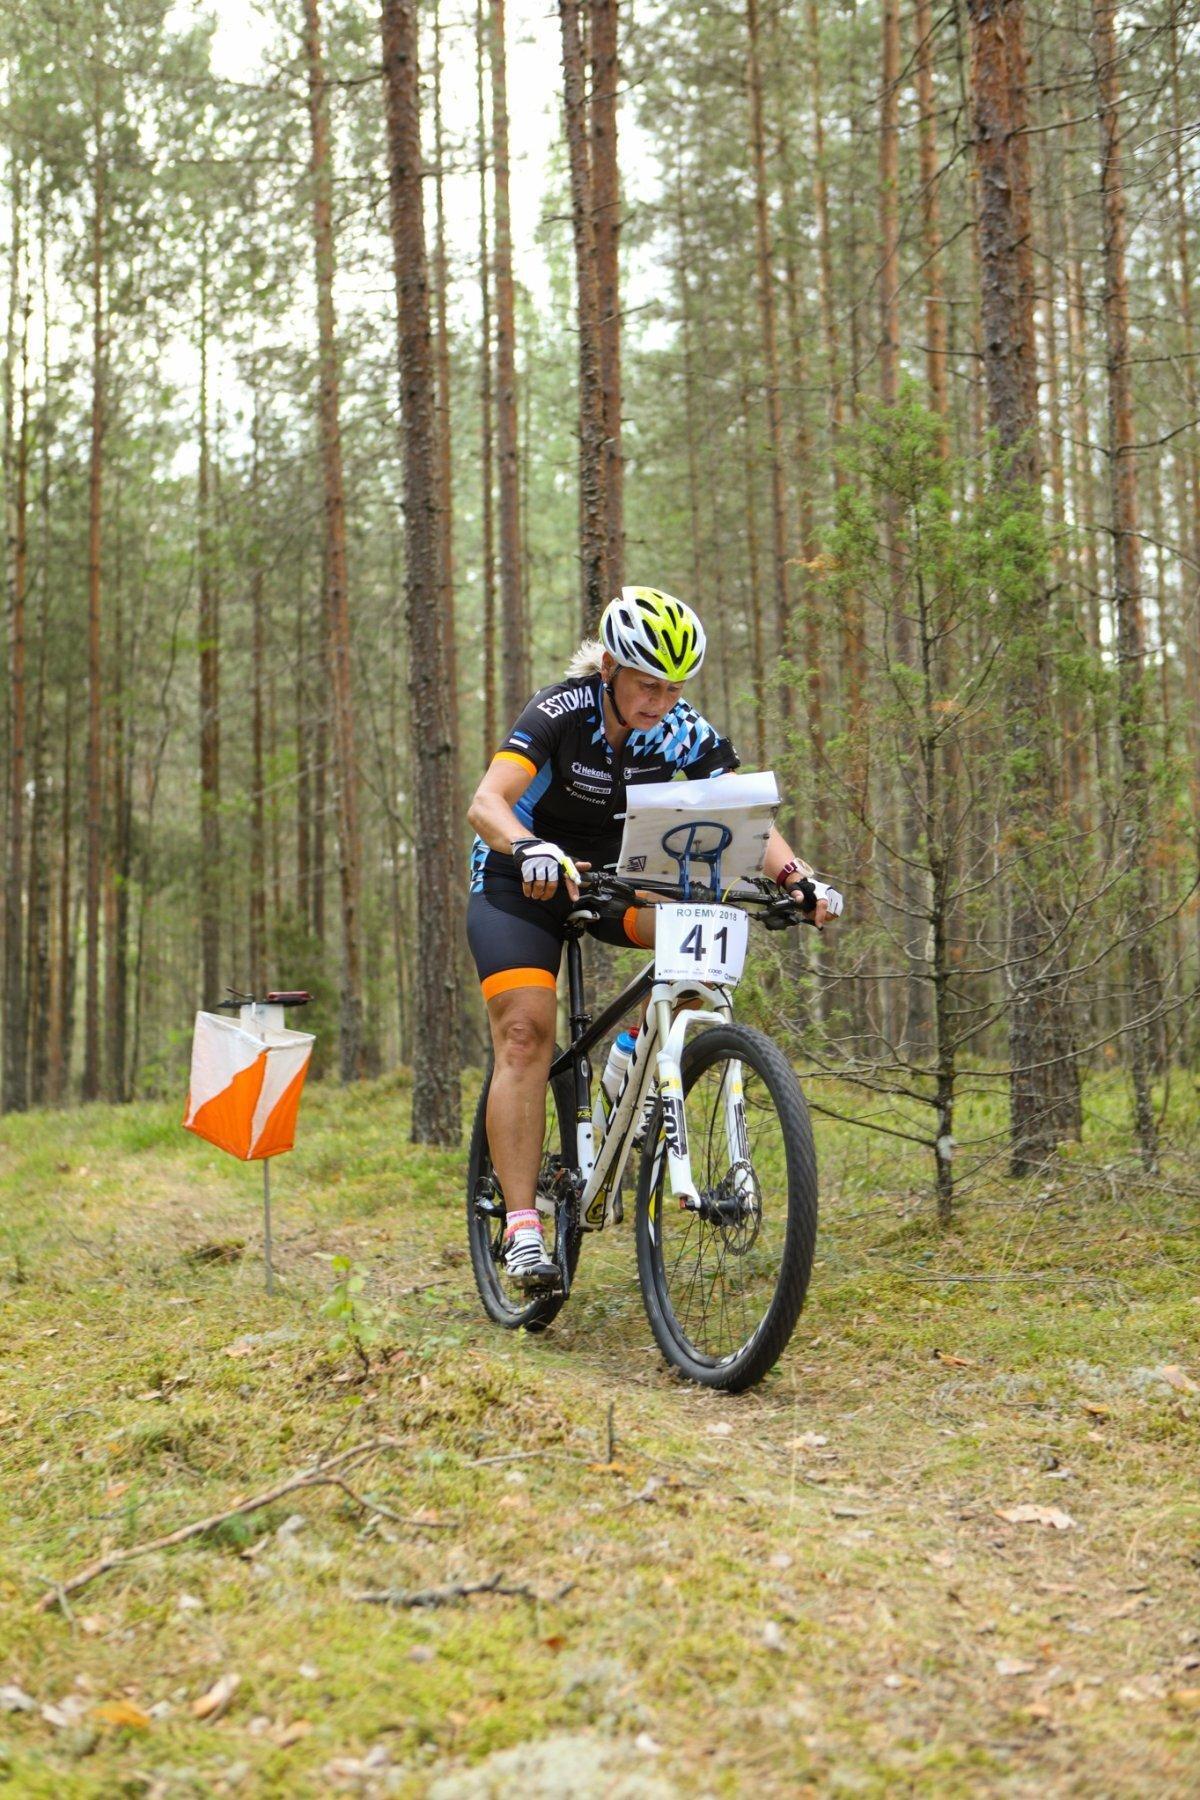 Orienteerutakse ka ratastega - eestlased on rattaorienteerumises rahvusvahelisel areenil väga edukad olnud - võidetud on nii maailma- kui Euroopa meistritiitleid
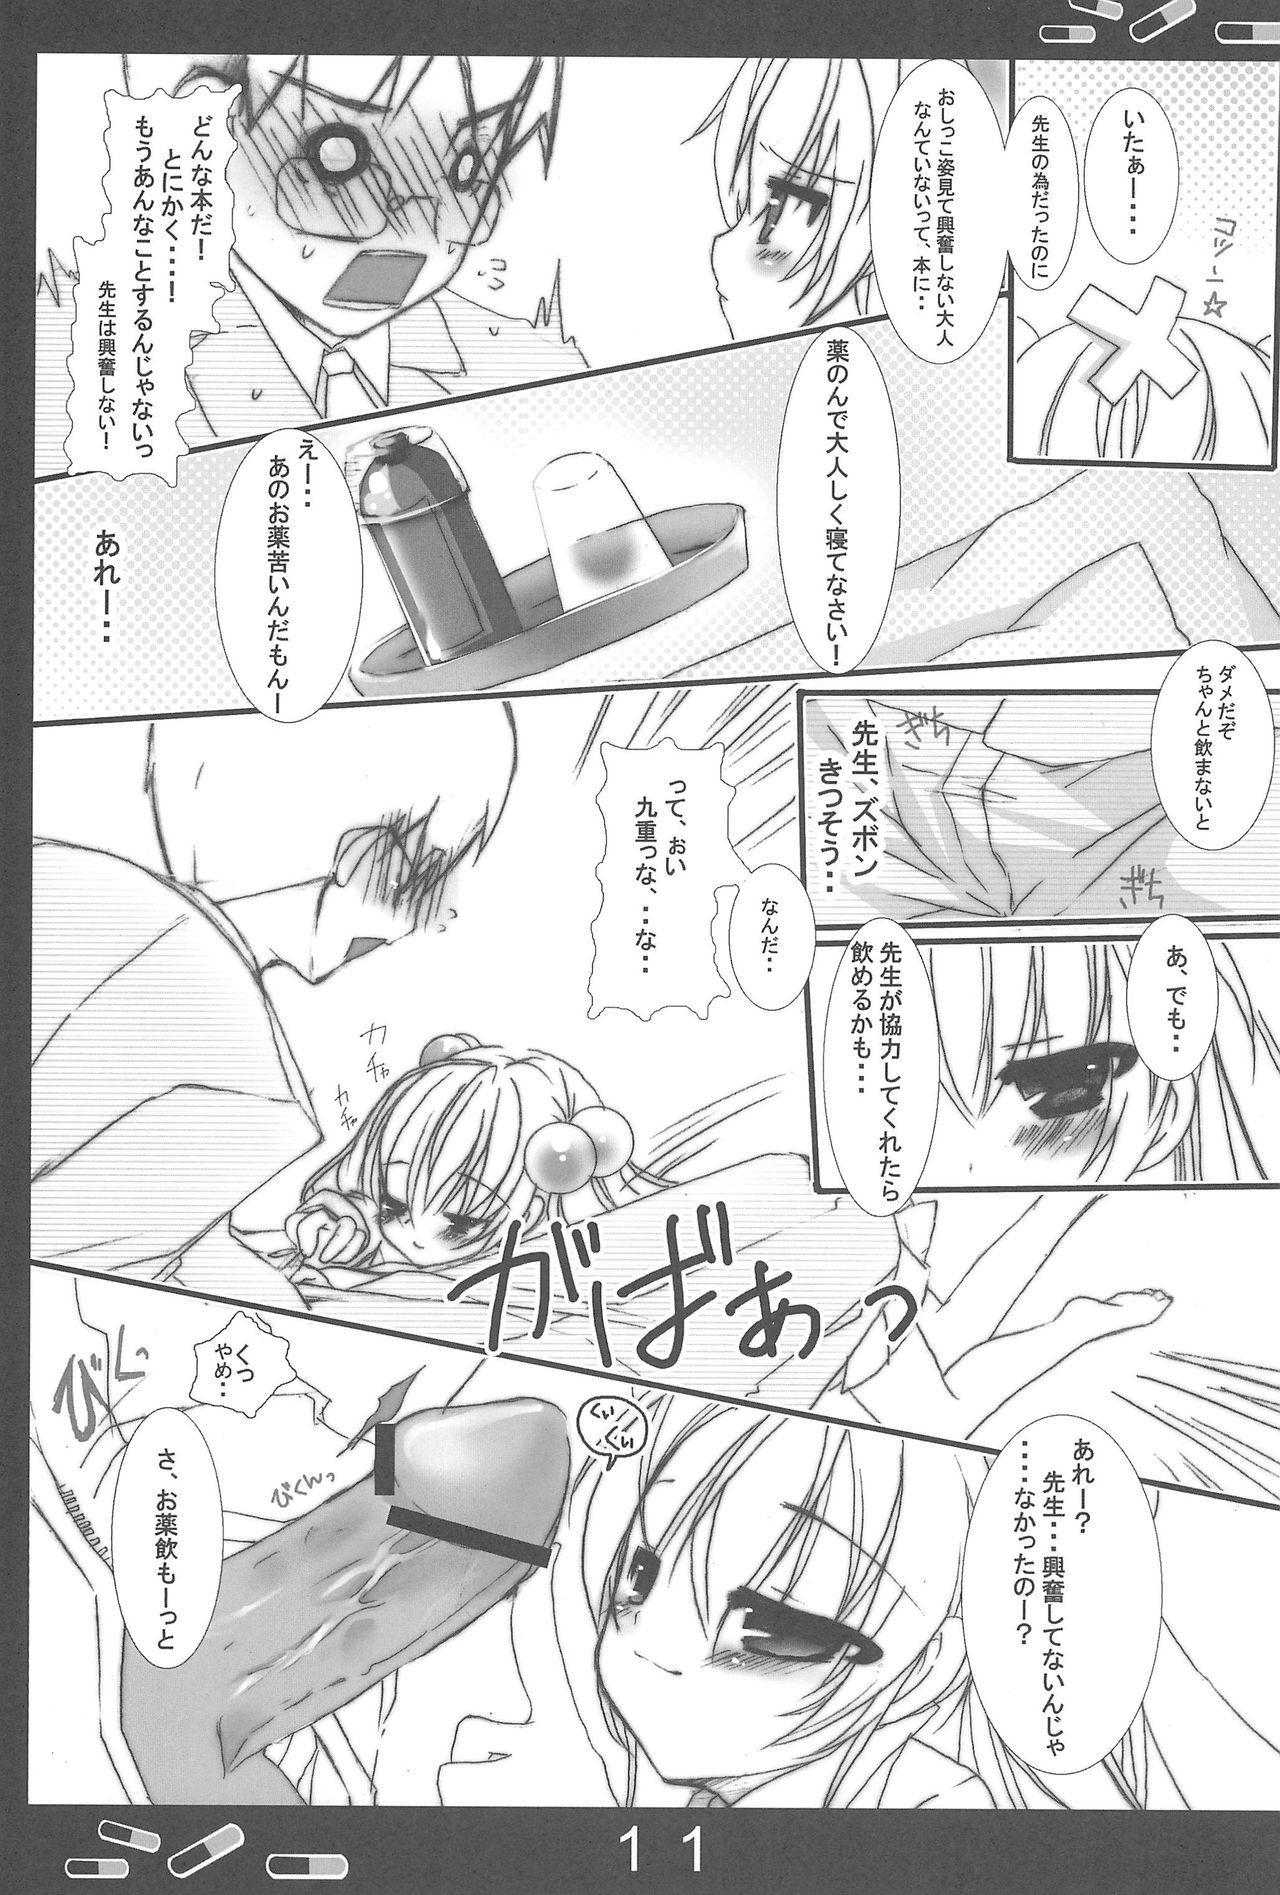 Onetsu no Jikan 10
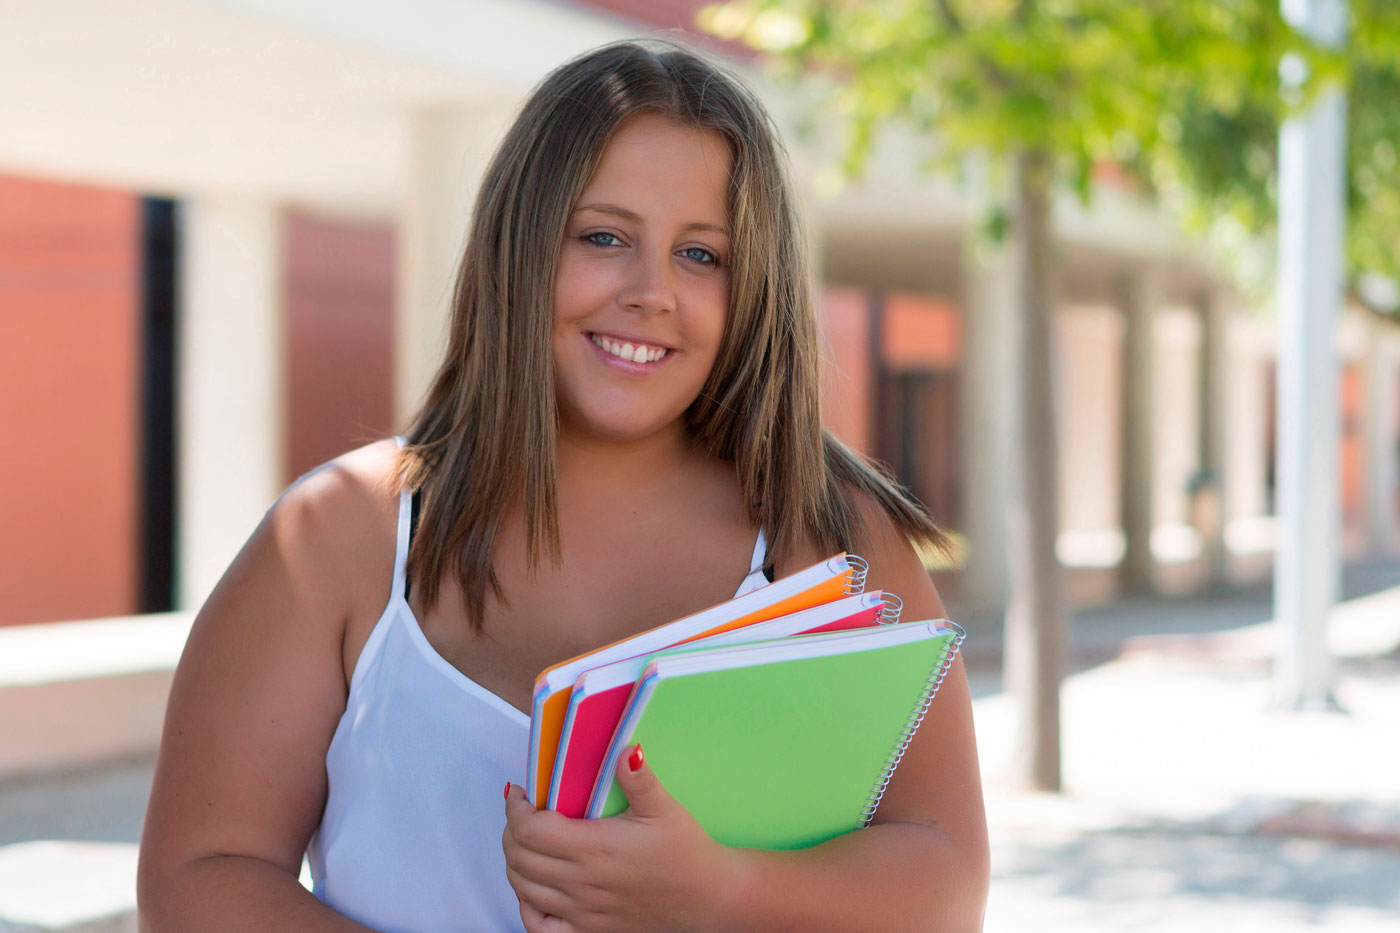 Obesidade na adolescência cresceu 110% nos últimos dez anos

→ **About this task**
When you repeat the material, keep every word exact and drop the pictures.

→ **Exercise solution**
 Orienteerutakse ka ratastega - eestlased on rattaorienteerumises rahvusvahelisel areenil väga edukad olnud - võidetud on nii maailma- kui Euroopa meistritiitleid
 Onetsu no Jikan 10
 Obesidade na adolescência cresceu 110% nos últimos dez anos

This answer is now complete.